Work instruction: Output only the lines below that start at the line containing "Vol. I October-December" and end at the line containing "Un gran árbol", with both ends kept.

Data to process:
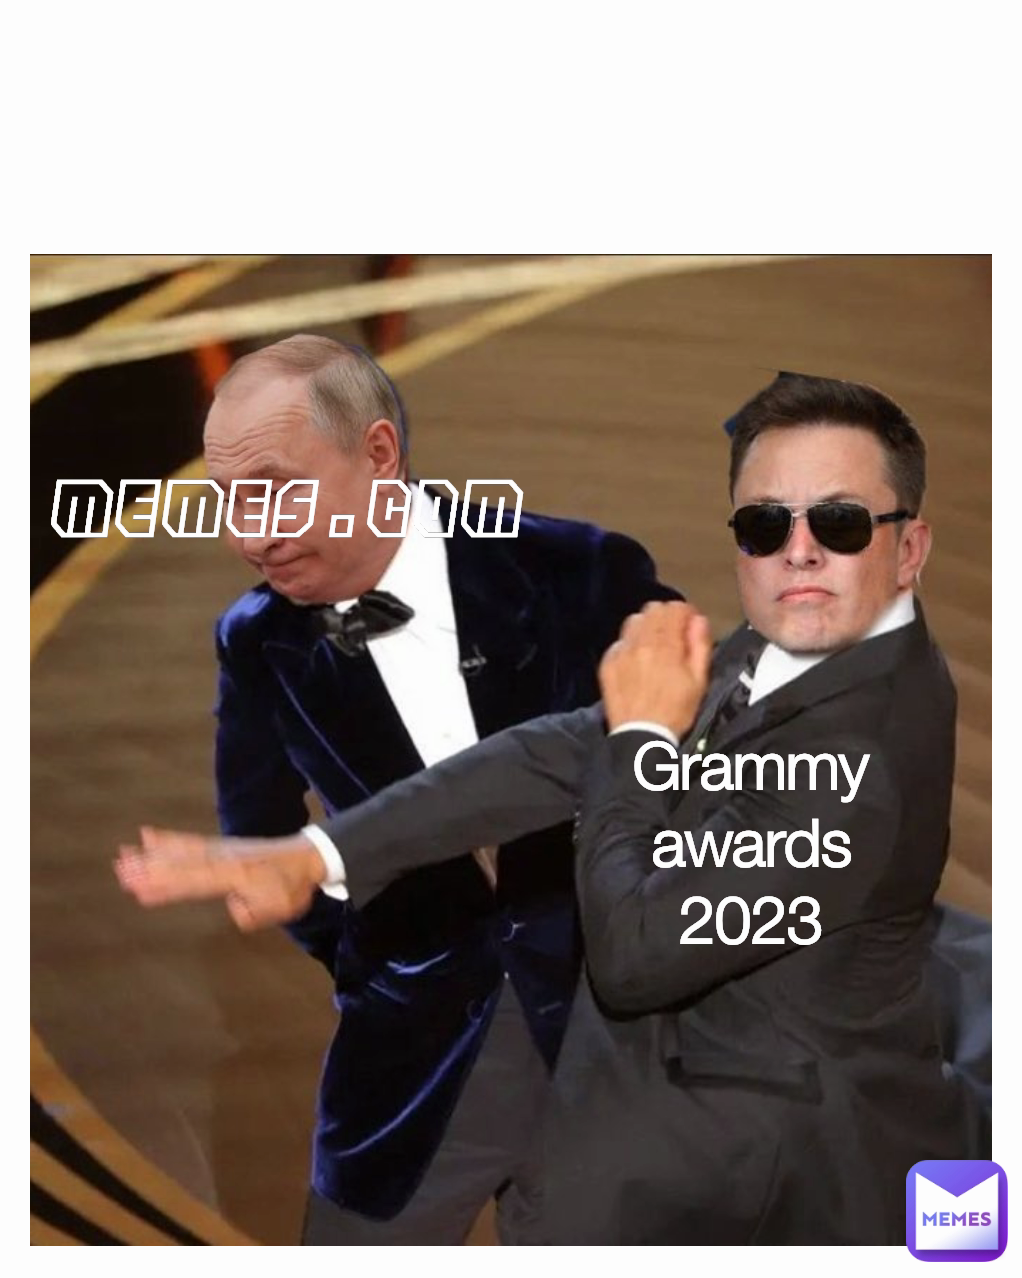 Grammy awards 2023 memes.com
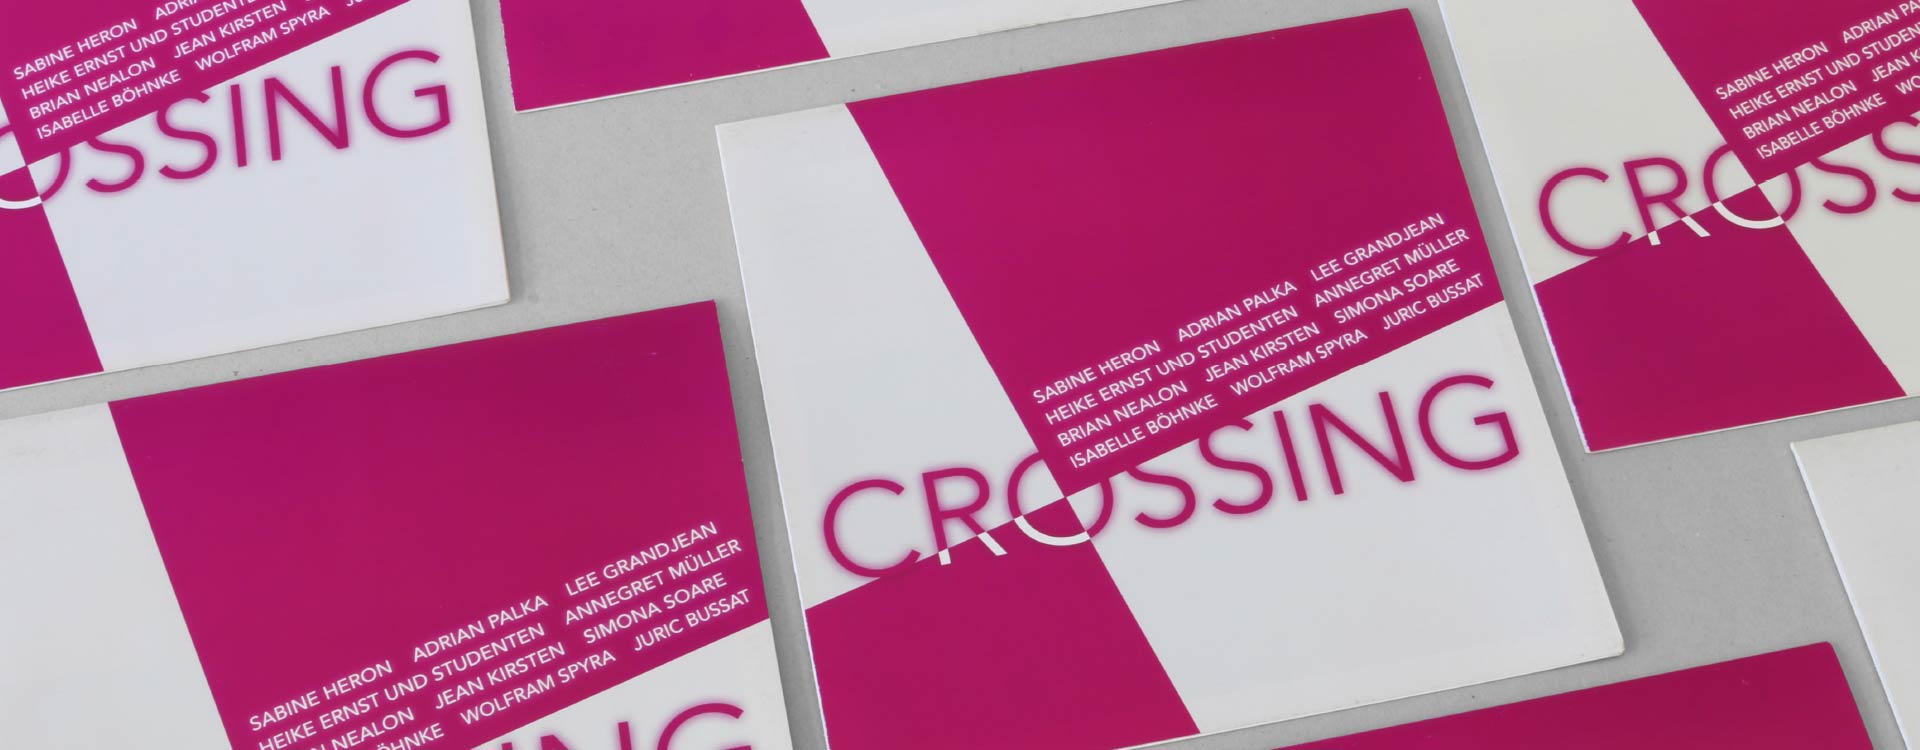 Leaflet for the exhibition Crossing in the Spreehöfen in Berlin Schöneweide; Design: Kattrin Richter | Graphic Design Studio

...

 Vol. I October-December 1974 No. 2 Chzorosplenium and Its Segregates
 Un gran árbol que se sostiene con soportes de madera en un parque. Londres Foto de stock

==

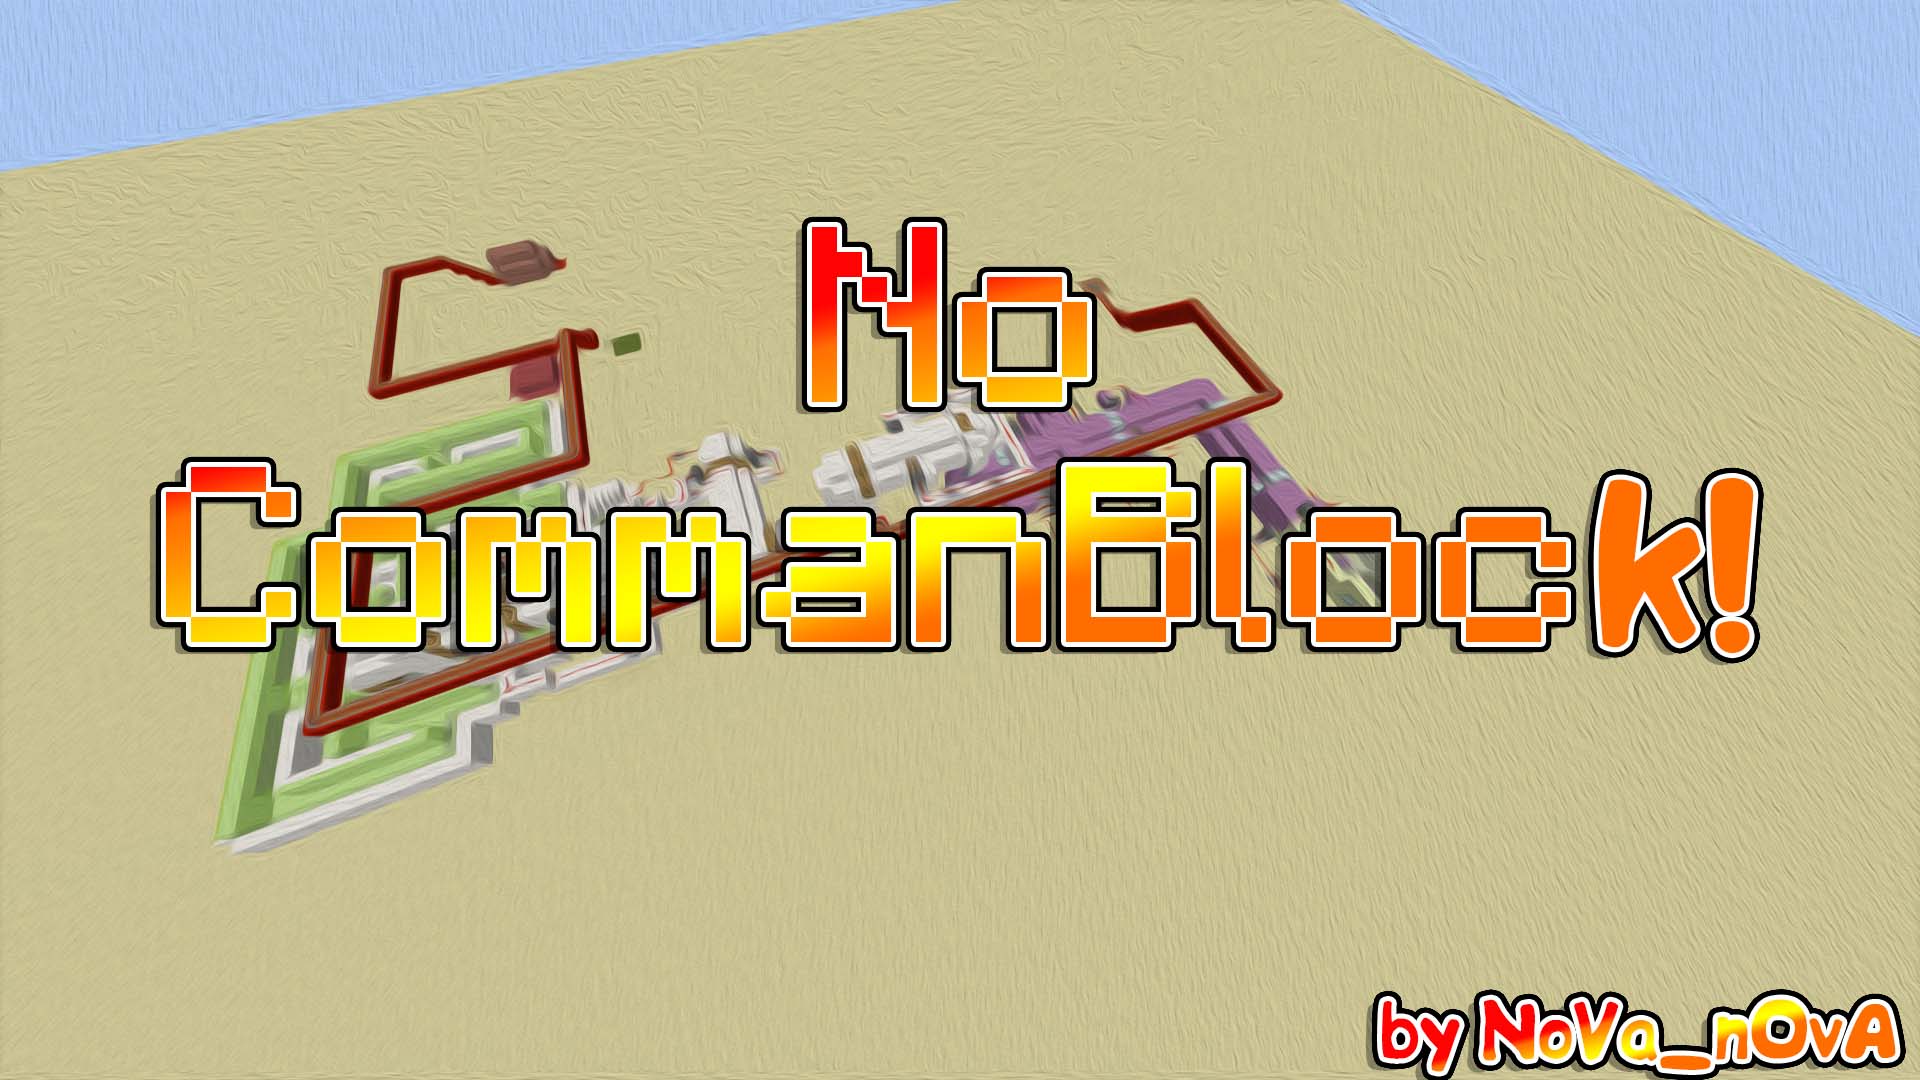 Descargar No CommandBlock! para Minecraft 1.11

Task output:
 Vol. I October-December 1974 No. 2 Chzorosplenium and Its Segregates
 Un gran árbol que se sostiene con soportes de madera en un parque. Londres Foto de stock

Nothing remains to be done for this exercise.